Rouge
Rouge | |
---|---|
Installed | March 2021 |
Operating System | Linux (Centos 7.6) |
Number of Nodes | 20 |
Interconnect | Infiniband (2xEDR) |
Ram/Node | 512 GB |
Cores/Node | 48 |
GPUs/Node | 8 MI50-32GB |
Login/Devel Node | rouge-login01 |
Vendor Compilers | rocm/gcc |
Queue Submission | slurm |
Specifications
The Rouge cluster was donated to the University of Toronto by AMD as part of their COVID-19 HPC Fund support program. The cluster consists of 20 x86_64 nodes each with a single AMD EPYC 7642 48-Core CPU running at 2.3GHz with 512GB of RAM and 8 Radeon Instinct MI50 GPUs per node.

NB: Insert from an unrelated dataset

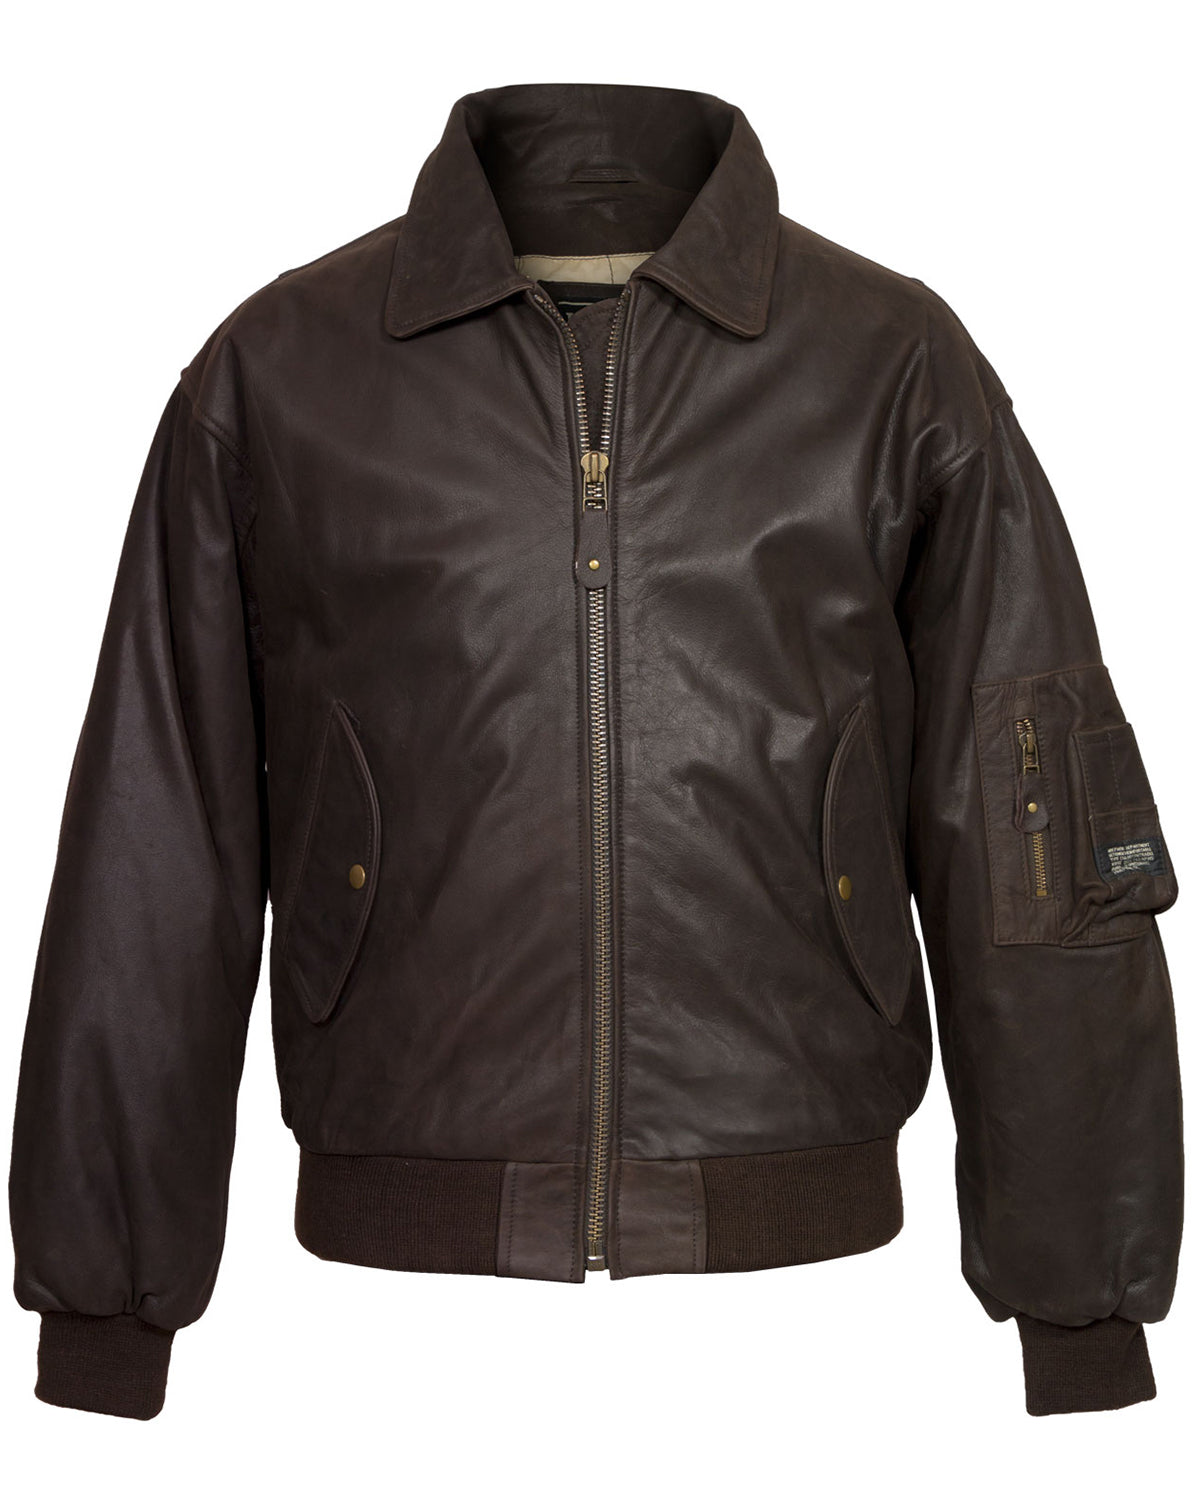 Mens A-2 Brown Leather Jacket Bomber | Elite Jacket

The nodes are interconnected with 2xHDR100 Infiniband for internode communications and disk I/O to the SciNet Niagara filesystems. In total this cluster contains 960 CPU cores and 160 GPUs.

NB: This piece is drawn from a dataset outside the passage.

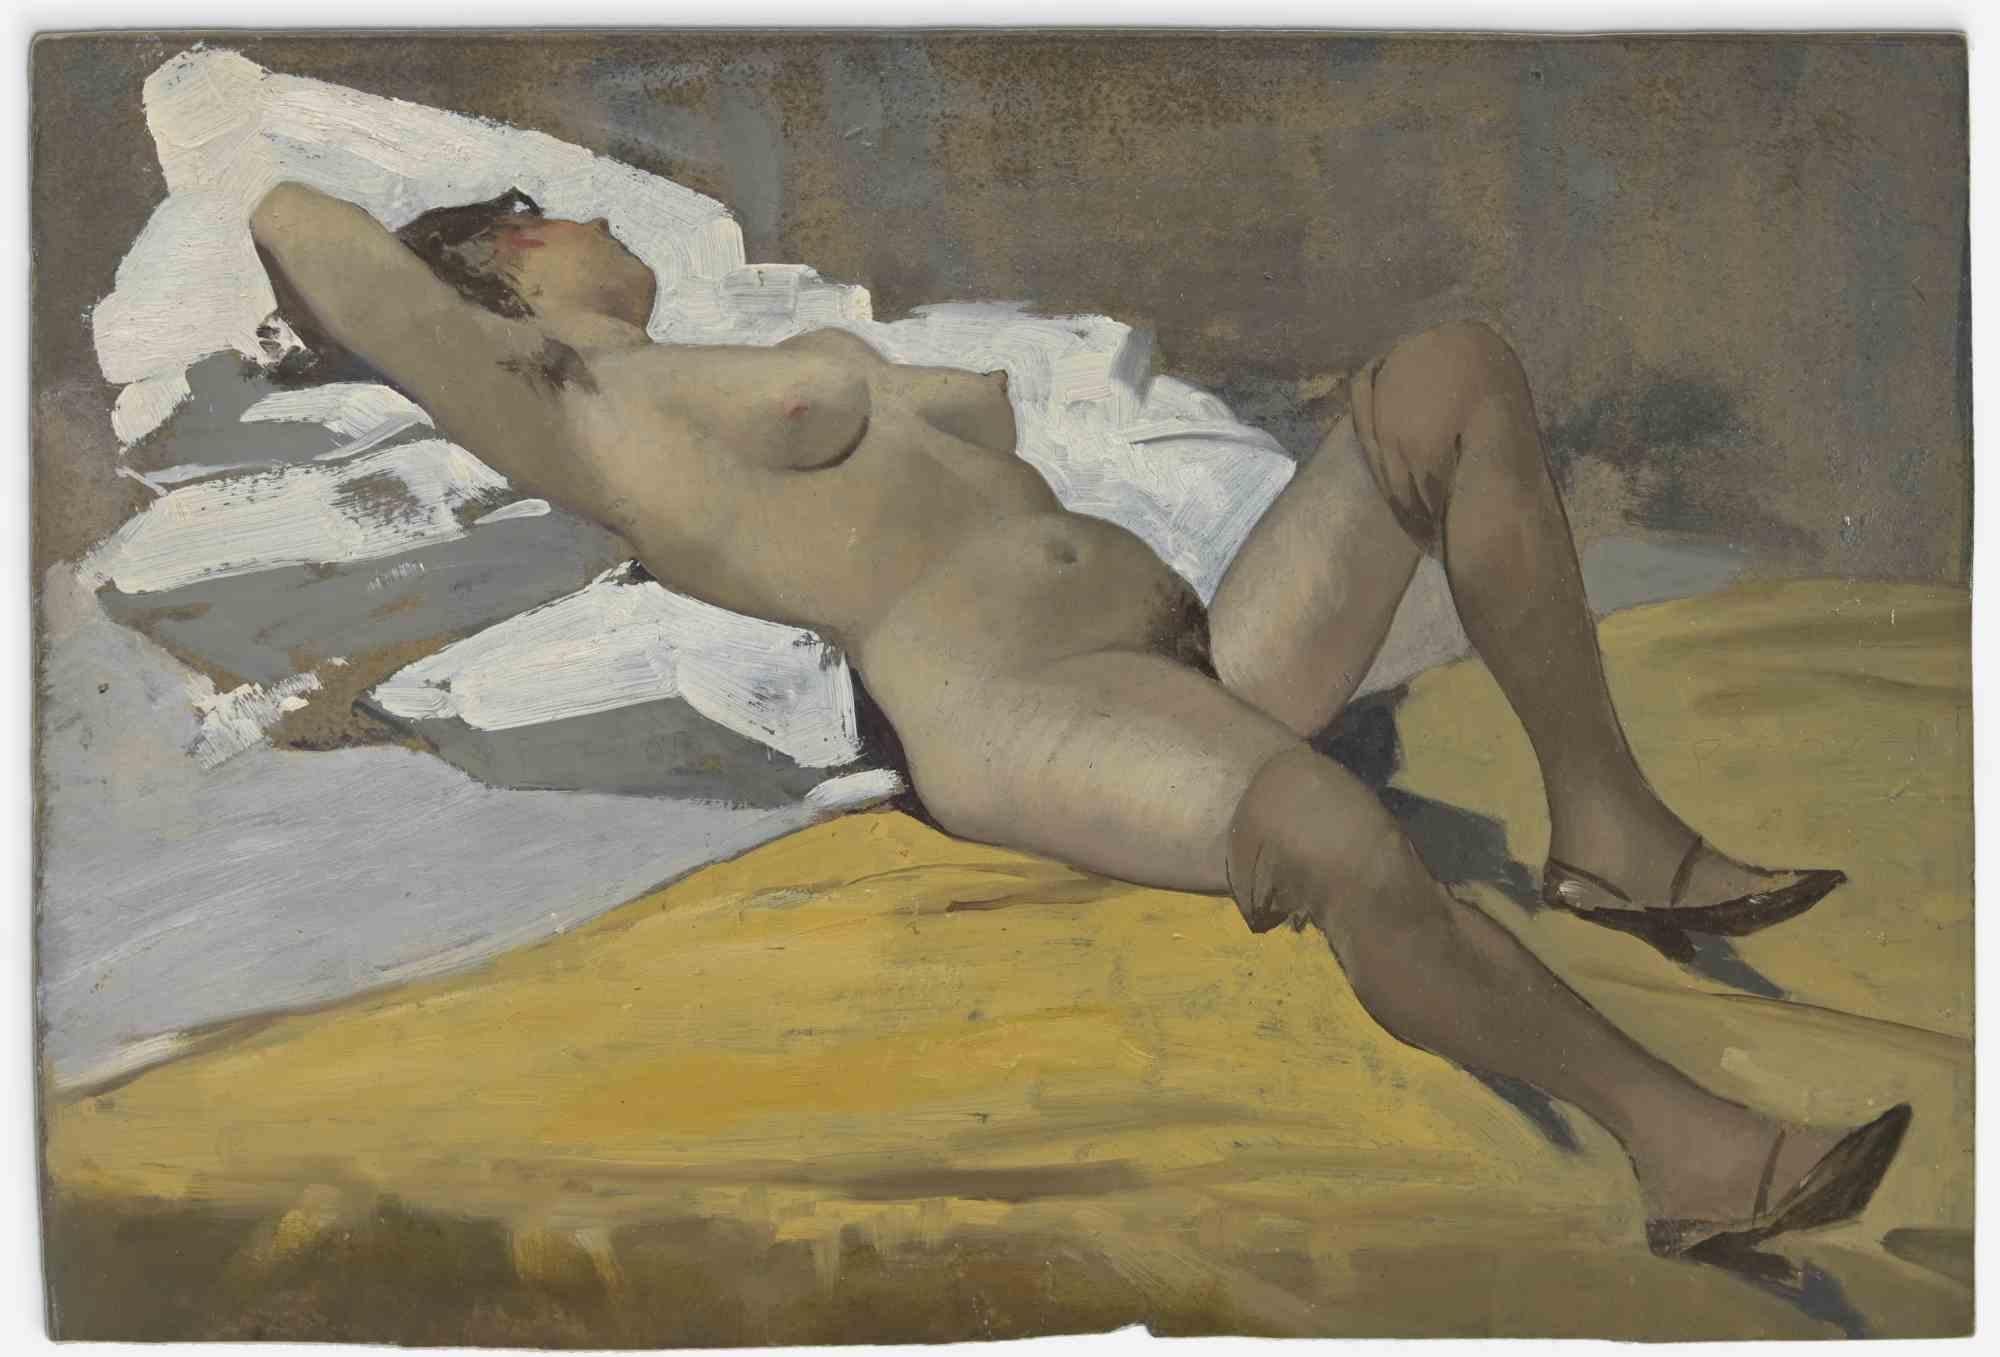 Femme couchée sur un tissu blanc - Peinture à l'huile du milieu du 20e siècle

Access and support requests should be sent to support@scinet.utoronto.ca.
Getting started on Rouge
Rouge login node rouge-login01 can be accessed via the Niagara cluster.
ssh -Y MYCCUSERNAME@niagara.scinet.utoronto.ca ssh -Y rouge-login01
Storage
The filesystem for Rouge is currently shared with Niagara cluster. See Niagara Storage for more details.
Loading software modules
You have two options for running code on : use existing software, or compile your own. This section focuses on the former.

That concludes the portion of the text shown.